Monday, August 26, 2013

When your first pitch is a voicemail

Good luck.
You plan and rehearse presentations to groups and to individuals. You think about letters and emails you send. You may think through an important upcoming phone call, even do a bit of role playing.

But how much thought have you given to voicemail?

I confess I have given it a lot. That "leave a message" message even seems to come as a surprise. Yet the odds are your first call to someone will end up in voicemail. Especially someone you don't know well. Someone you're trying to pitch.

Jake Fisher, a principal at Bridges Advertising in Oklahoma City, offers a model message to leave.
(Smiling) Hi, this Jake Fisher with Bridges Advertising. Fay Shapiro mentioned that I should call you about your upcoming outreach campaign. My number is 708-7901. That’s area code 405-708-7901. Talk to you soon. 405-708-7901. Jake Fisher with Bridges Advertising (Hang up)
Fisher was once a disc jockey, and he borrowed some techniques for voice mail from his radio days:
Smile when you talk. Radio listeners can’t see the deejay. But the subtle difference in verbal delivery that comes when the speaker smiles is clearly communicated through the radio speakers. I like to imagine that I have just finished laughing at a funny joke, and I am smiling in the humorous afterglow. So it is with a voicemail message. Smile when you leave a message. Even if you have to fake it, your message will sound more pleasant.

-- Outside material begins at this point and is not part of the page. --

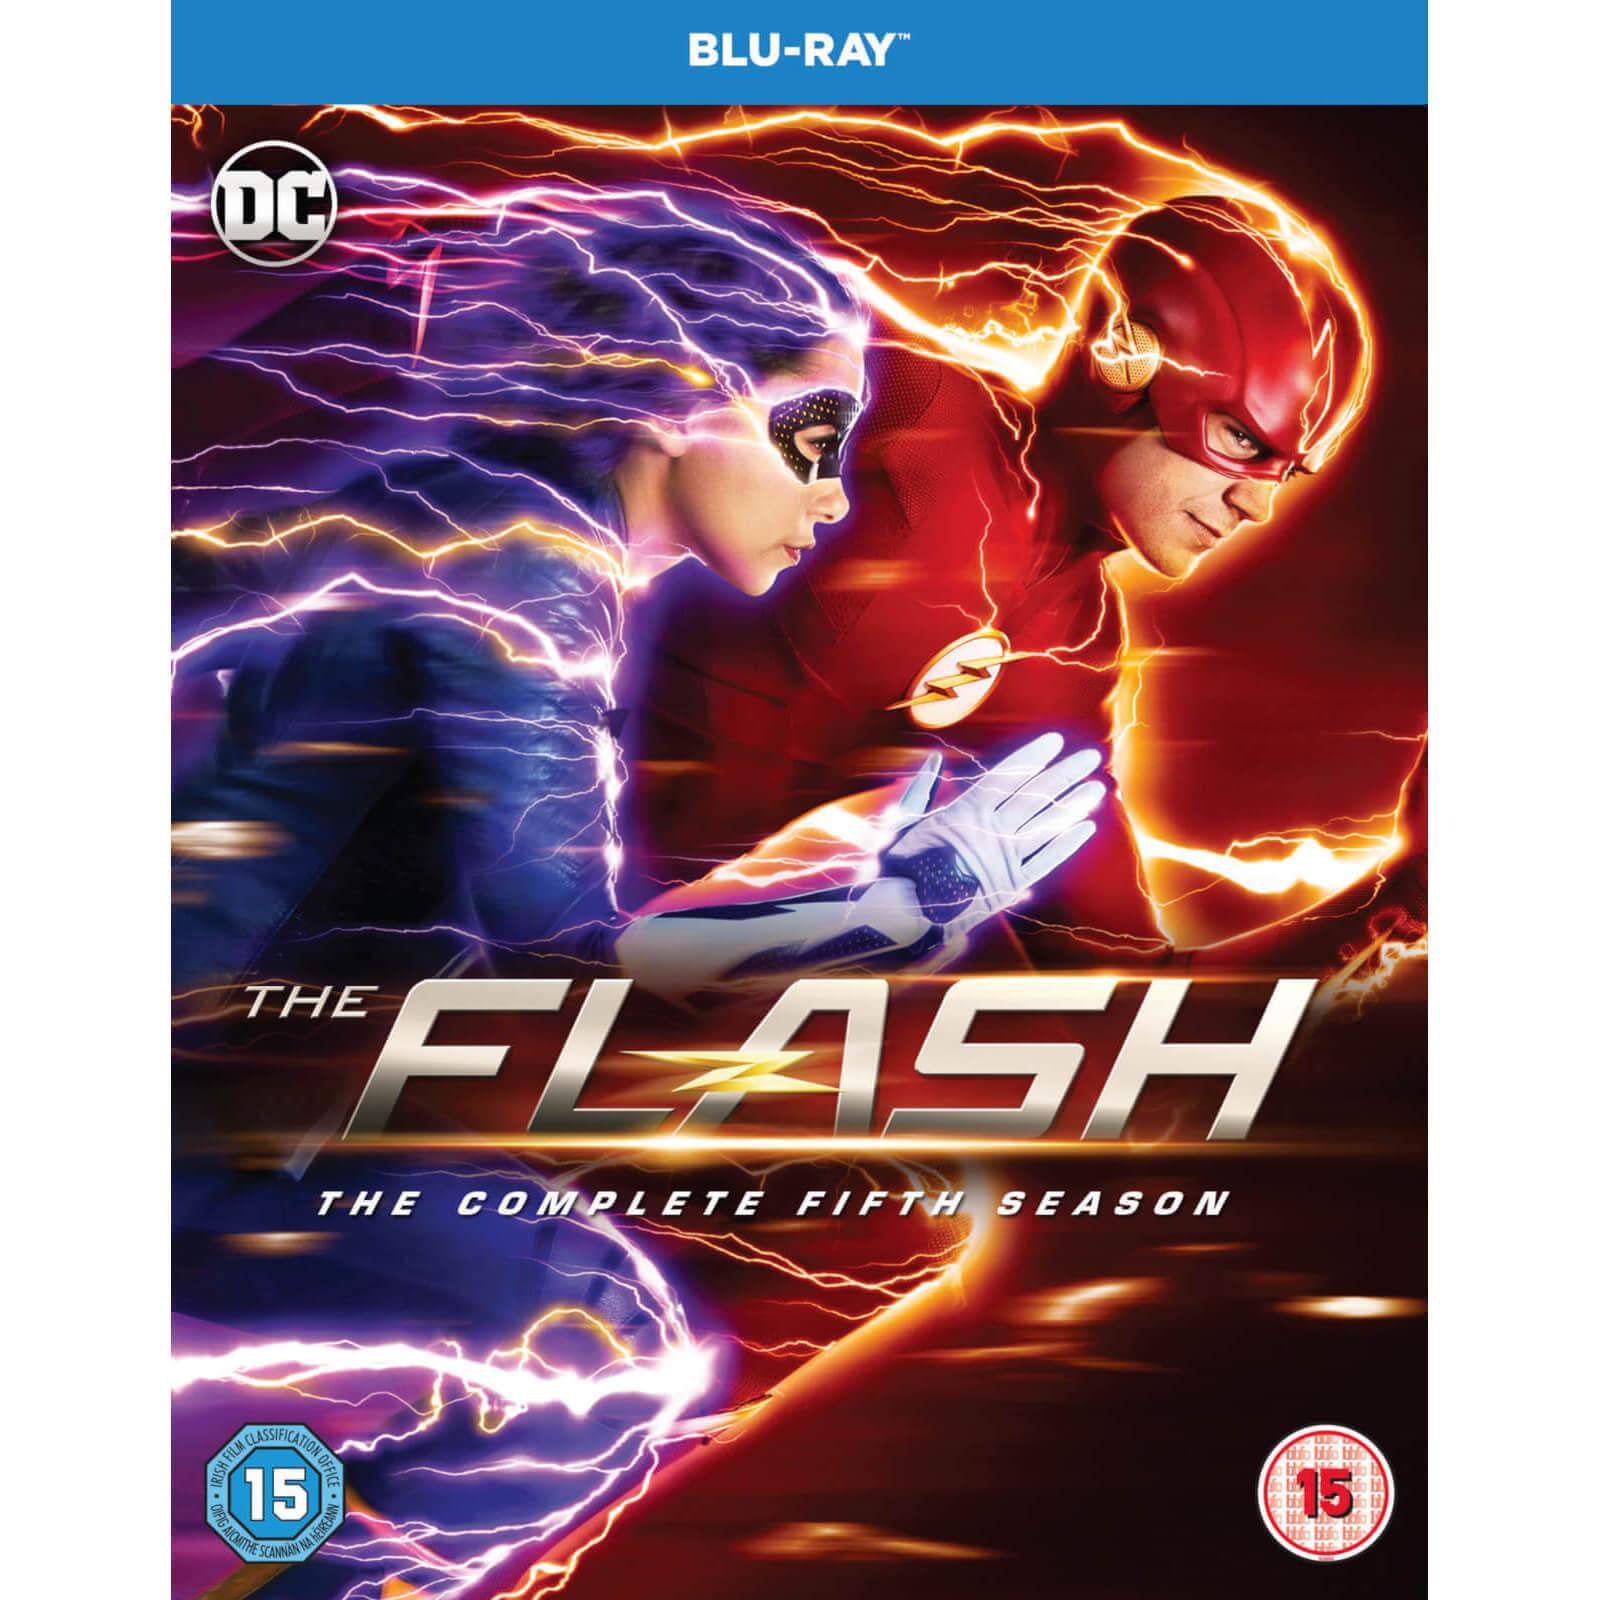 The Flash - Season 5

Get right to the hook. When a radio personality turns on the microphone, as the music is fading, the hr or she has only a few fleeting moments in order to hook the listener before finger touches button, and the listener punches out to another radio station. Voicemail messages are similar. You have just a few moments to engage your prospect before finger touches button and your prospect punches out to the next message. The simplest hook in a prospect voicemail is to invoke the name of a mutual acquaintance that is referring you. Of course, this requires that you ask a mutual acquaintance for a referral.

Repeat the important information. Do you ever notice how radio personalities tend to repeat the name of the radio station? They do this so the listener remembers the station name. Until recently, radio ratings (which are tied to revenue) were measured by the unaided recall, by selected radio listeners, of which stations that they listened to. That is why we are used to hearing radio stations constantly identifying themselves. In the case of a voicemail message, the most important part is MY phone number and name. I want the prospect to call me back. They must remember my phone number and who I am. Even in the age of caller ID, I say my number and name three times in a phone message.
Who'd a thunk it? I learn something new everyday.